That's _very_ interesting. Because 83 has only one very minimal patch to
the network code, and that patch shouldn't even trigger under normal
circumstances (it's only triggered when the receive queue allocation
grows beyond the allowed queue length - which shouldn't happen if the
sender sends sane packets within the window).
Even worse, the 83 patch actually has a bug that should probably crash
the machine if the new code is ever triggered ;-)

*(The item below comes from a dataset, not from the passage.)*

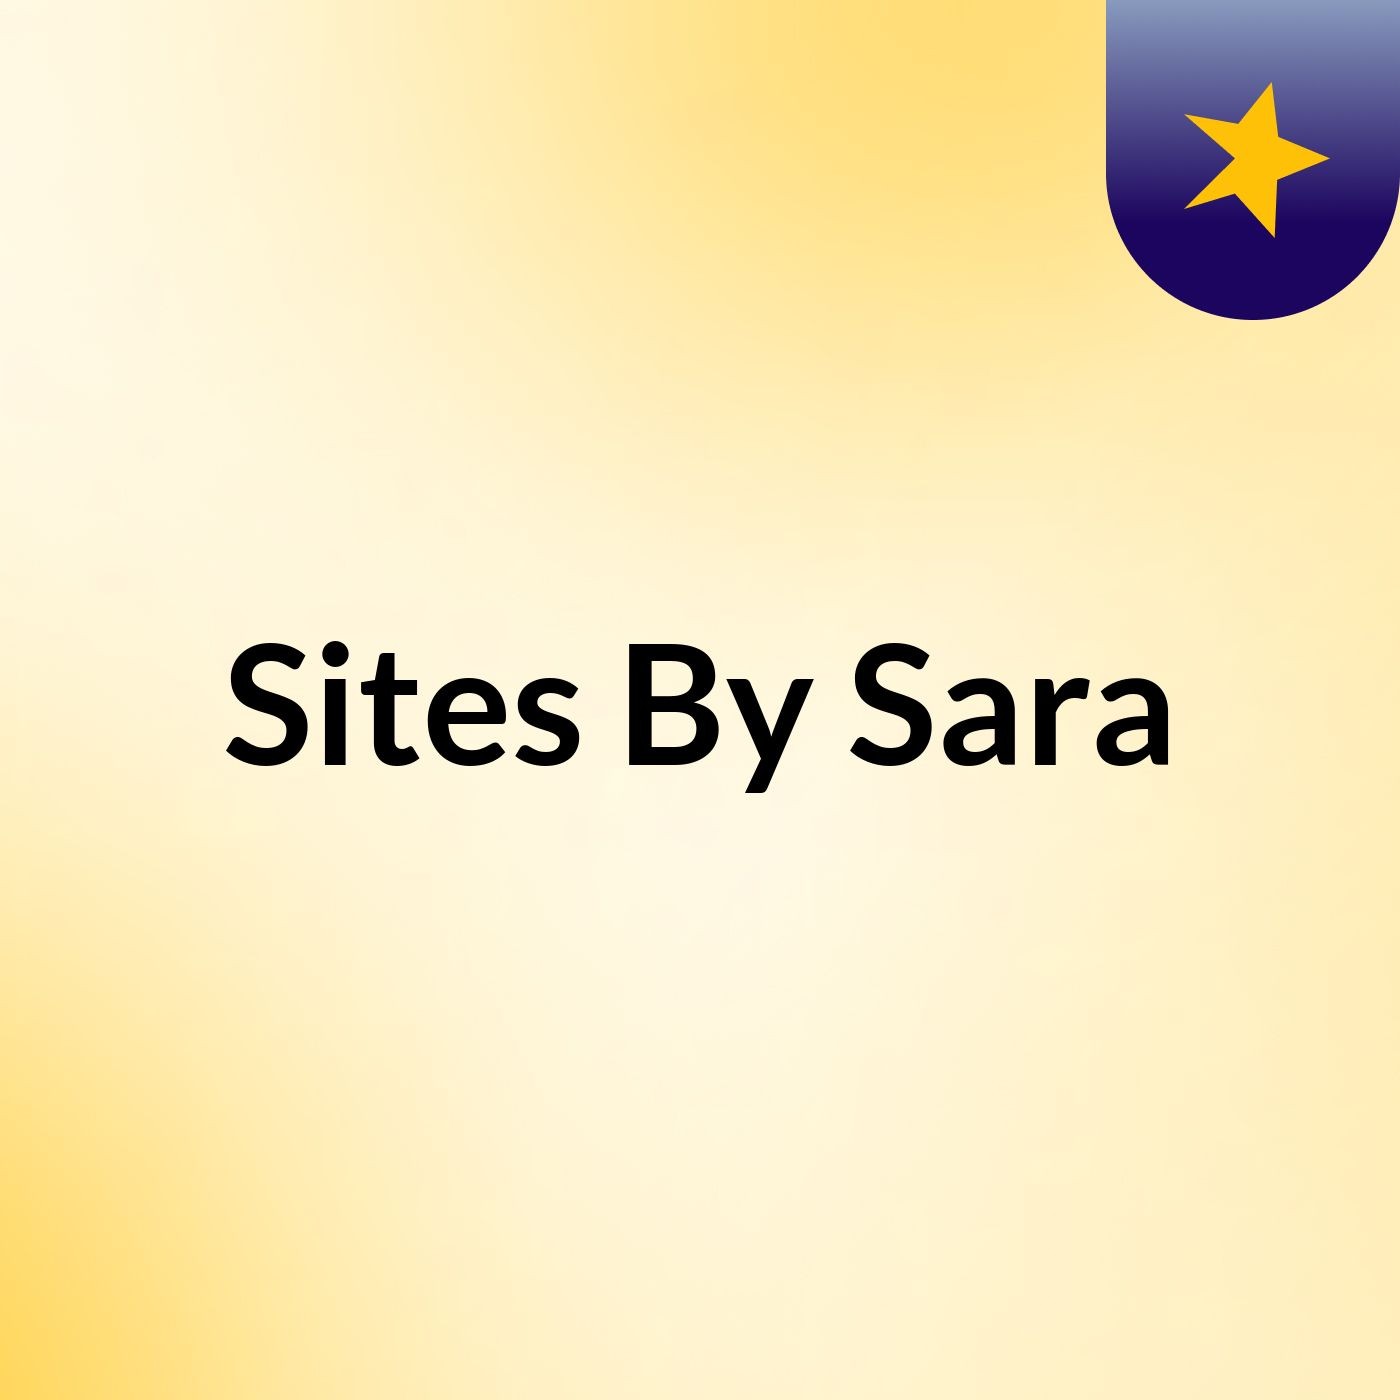 Sites By Sara

I'm including the fix for this bug, but I don't think it's responsible: I
really think you would see much worse problems than just bad throughput
if this bug was ever triggered. I'll take a closer look at the TCP dumps
soon, maybe that gives me some idea.
One thing that I'm starting to suspect is simply a timing issue: the new
code since 1.3.73 has been doing the ACK's from within the timer bottom
half handler, asynchronously from the actual network code. Now, if there
is a race within the slhc compression, it would be triggered a lot more
easily thanks to the more asynchronous network behaviour.
Thanks,
Linus
----------
--- v1.3.83/linux/net/ipv4/tcp_input.c Wed Apr 3 16:06:57 1996
+++ linux/net/ipv4/tcp_input.c Wed Apr 3 22:00:35 1996
@@ -1487,6 +1487,7 @@
if (skb->acked)
break;
__skb_unlink(skb, list);
+ kfree_skb(skb, FREE_READ);
}
}
@@ -1501,20 +1502,24 @@
{
struct sk_buff * skb = list->next;
- for (;;) {
- struct sk_buff * next;
+ if (skb != (struct sk_buff *) list) {
+ for (;;) {
+ struct sk_buff * next;
- if (skb == (struct sk_buff *) list)
- break;
- next = skb->next;
- if (next->seq == skb->seq) {
+ next = skb->next;
+ if (next == (struct sk_buff *) list)
+ break;
if (before(next->end_seq, skb->end_seq)) {
__skb_unlink(next, list);
+ kfree_skb(next, FREE_READ);
continue;
}
- __skb_unlink(skb, list);
+ if (next->seq == skb->seq) {
+ __skb_unlink(skb, list);
+ kfree_skb(skb, FREE_READ);
+ }
+ skb = next;
}
- skb = next;
}
}
----------